Jurisprudência - Direito do Trabalho

NULIDADE DO LAUDO PERICIAL - O mero fato da parte não concordar com a conclusão do i. perito judicial não enseja, por si só, a nulidade do laudo, dependendo, para tanto, que seja demonstrada a existência de vício capaz de macular sua validade. Dessa feita, não tendo comprovado qualquer motivo a ensejar a nulidade pretendida, o Recurso deve ser desprovido. Nego provimento. (TRT23. RO - 00788.2007.091.23.00-5. Publicado em: 27/06/08. 2ª Turma. Relator: DESEMBARGADORA LEILA CALVO)
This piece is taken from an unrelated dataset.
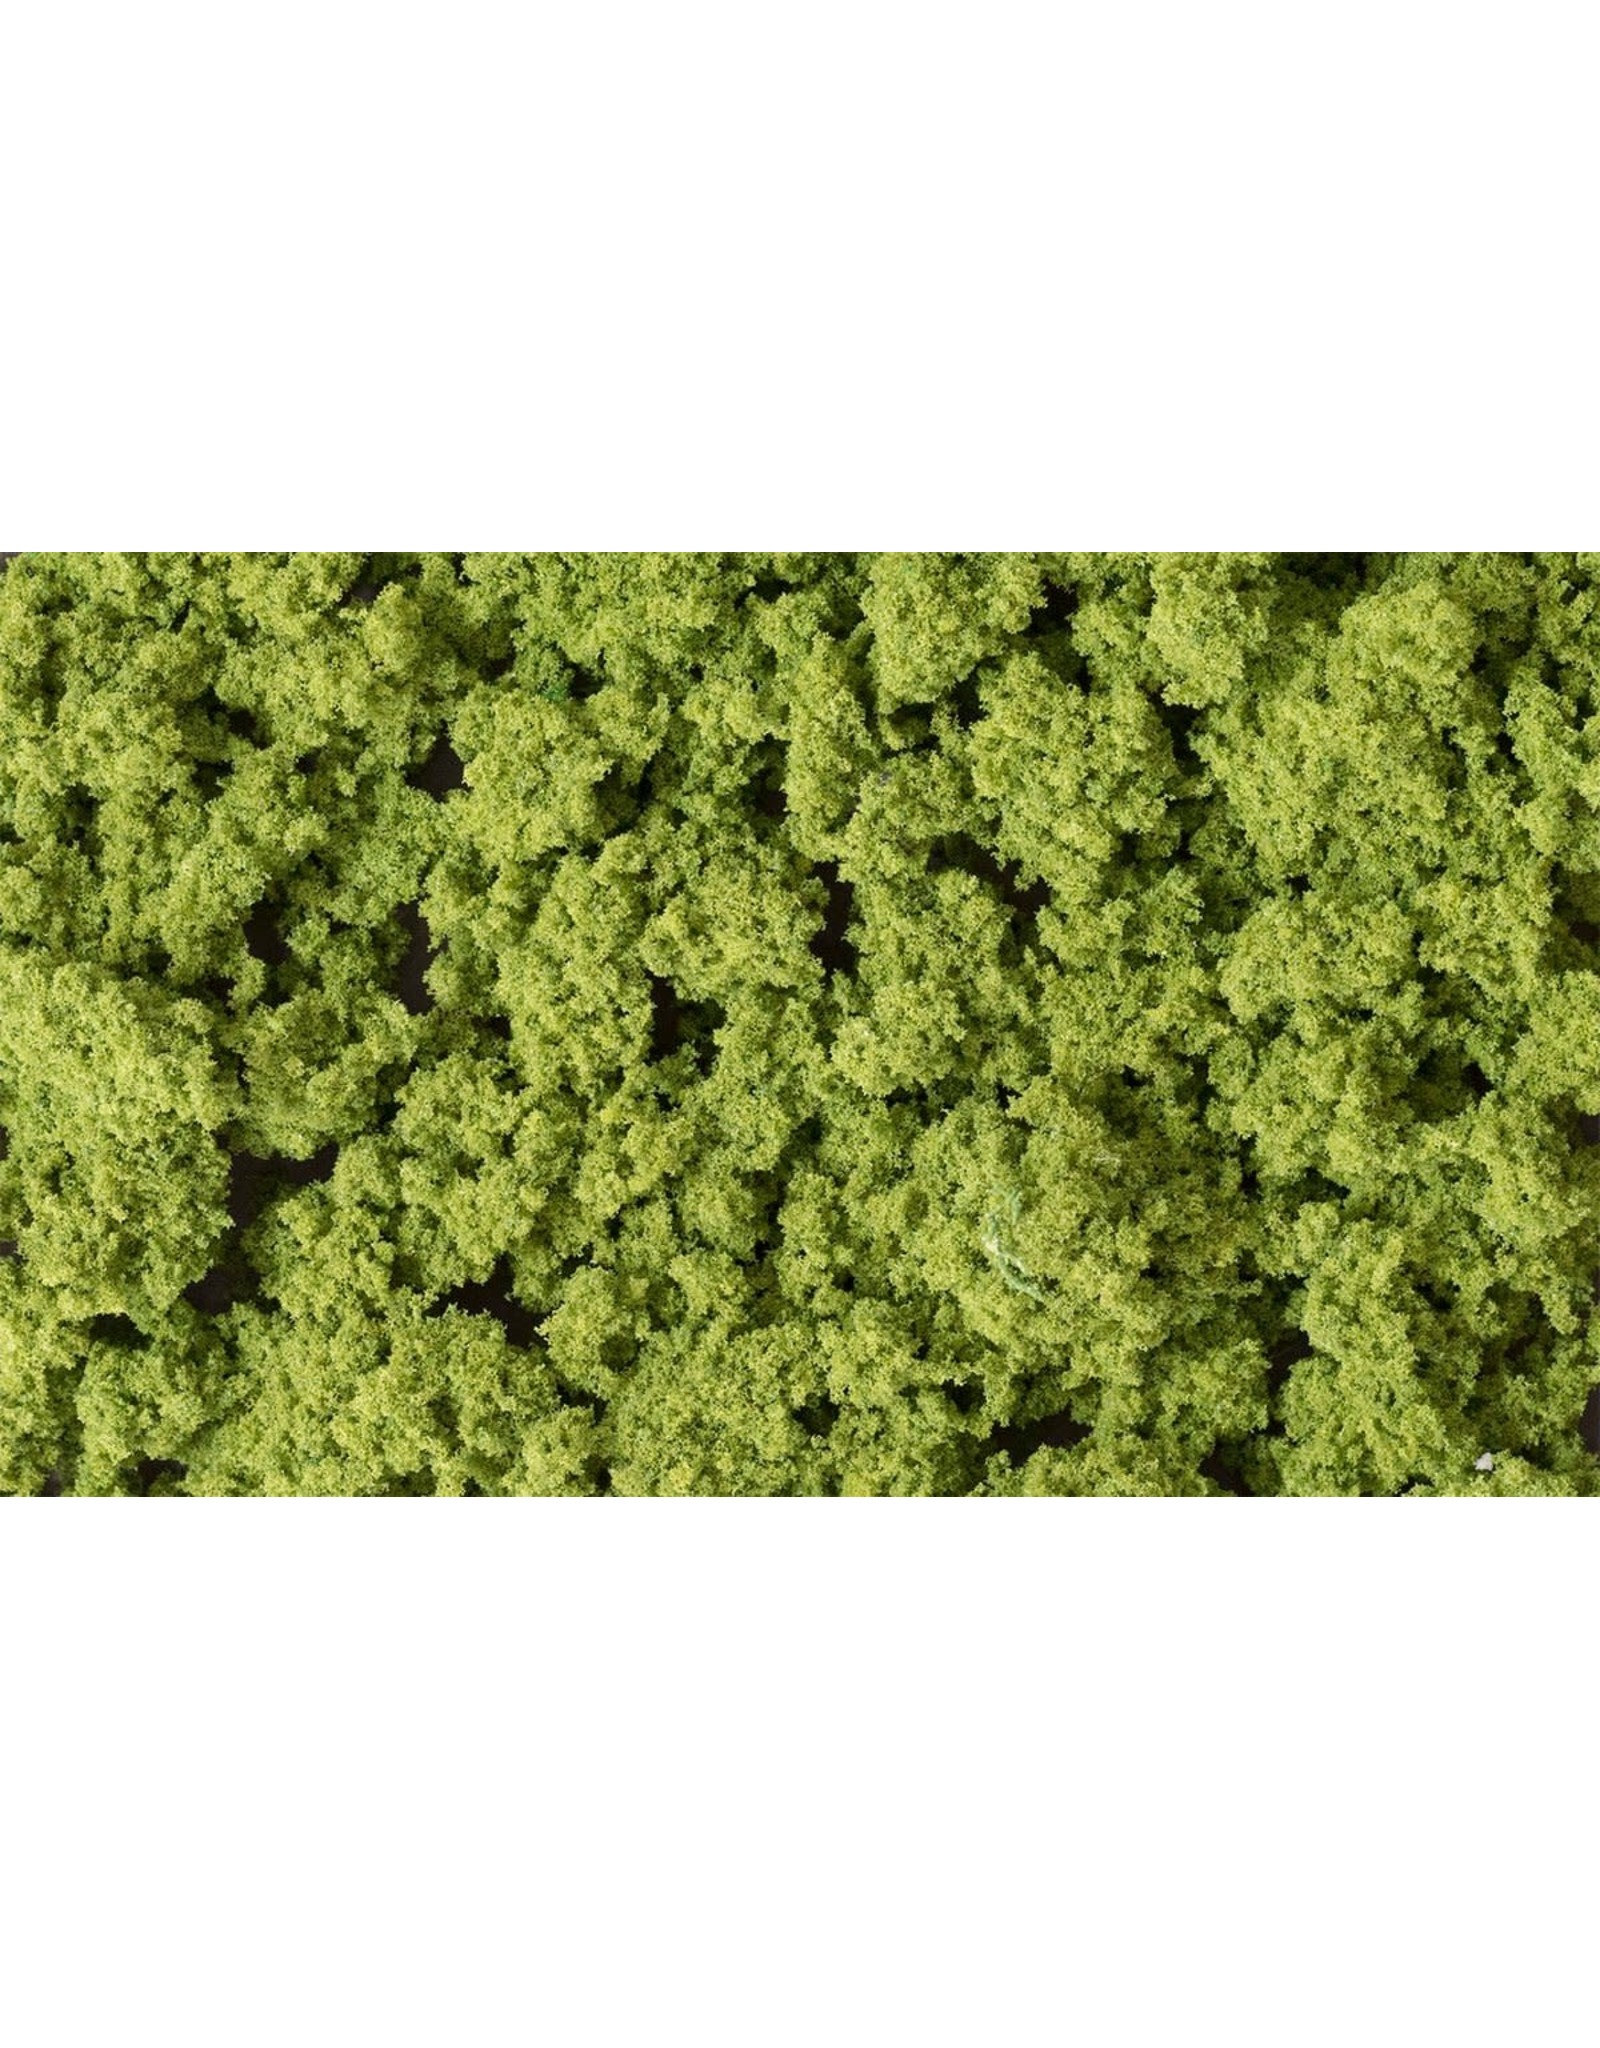 Woodland Scenics Clump Foliage(TM) - 3 Quarts 2.8L -- Light Green
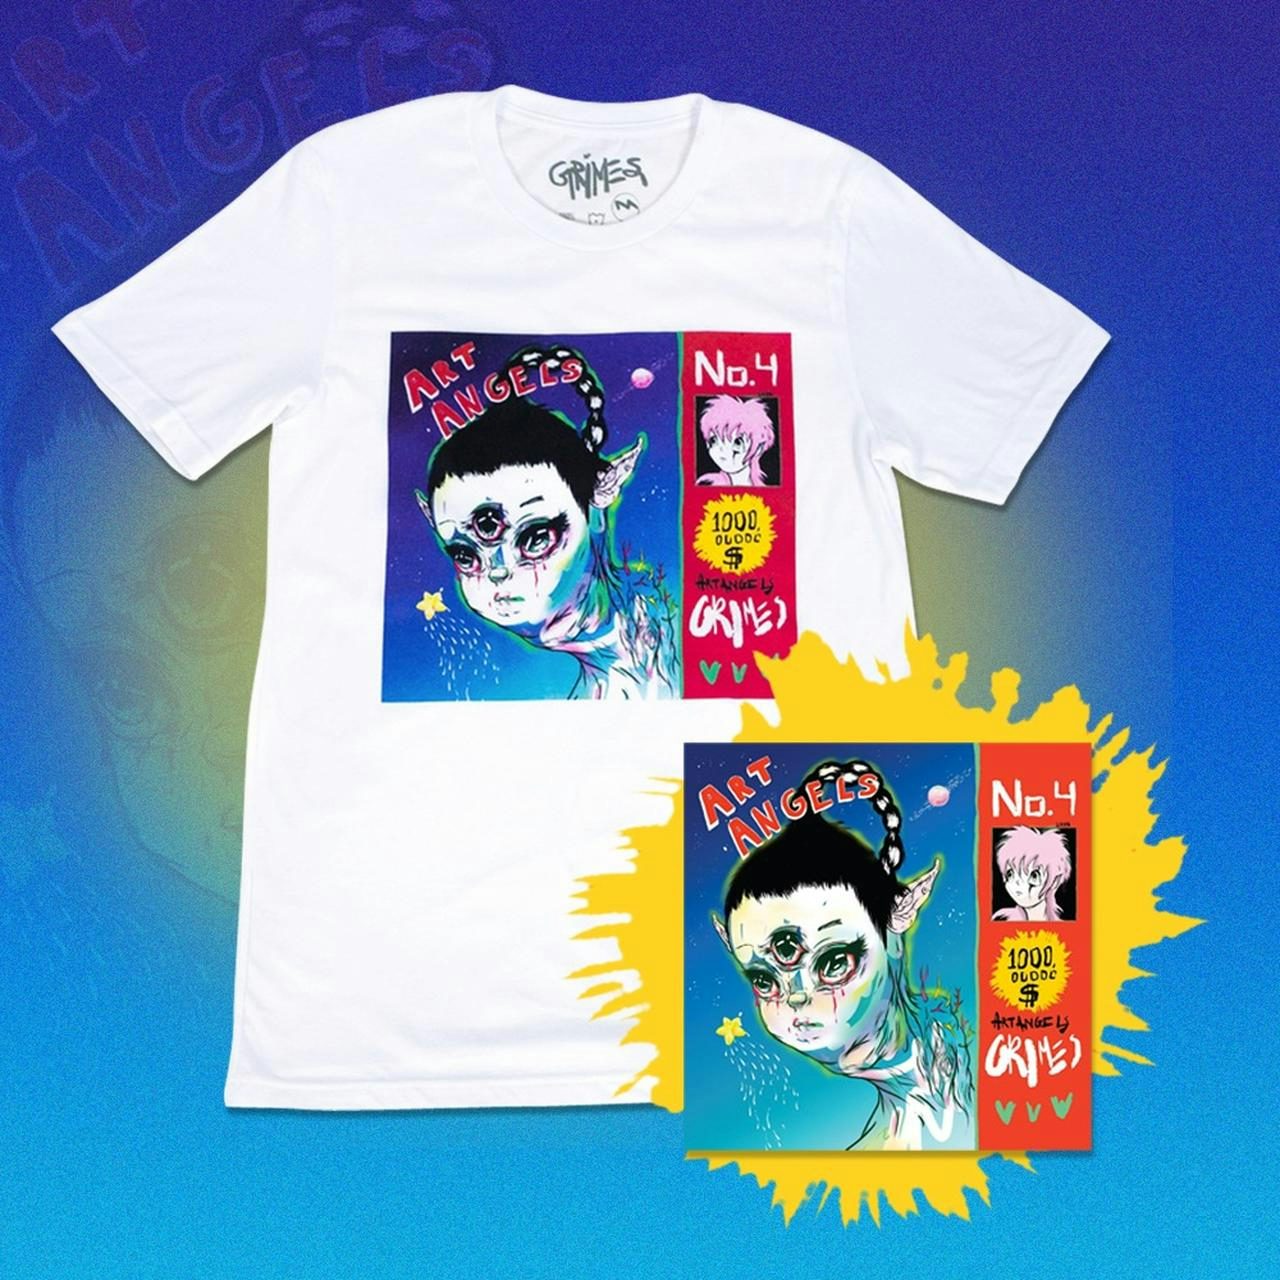 Grimes Art Angels CD and Shirt Bundle

LITISPENDÊNCIA – Tramitando Ação Declaratória, objetivando a extinção da estabilidade provisória da Recorrente, não se pode analisar o pedido da autora nos presentes autos, se ainda pende de julgamento a existência ou não da prefalada relação jurídica, sob pena de se incorrer decisão conflitante sobre o mesmo caso. (TRT 11ª R. – RO 1323/00 – (0855/2002) – Relª Juíza Ormy da Conceição Dias Bentes – J. 19.02.2002)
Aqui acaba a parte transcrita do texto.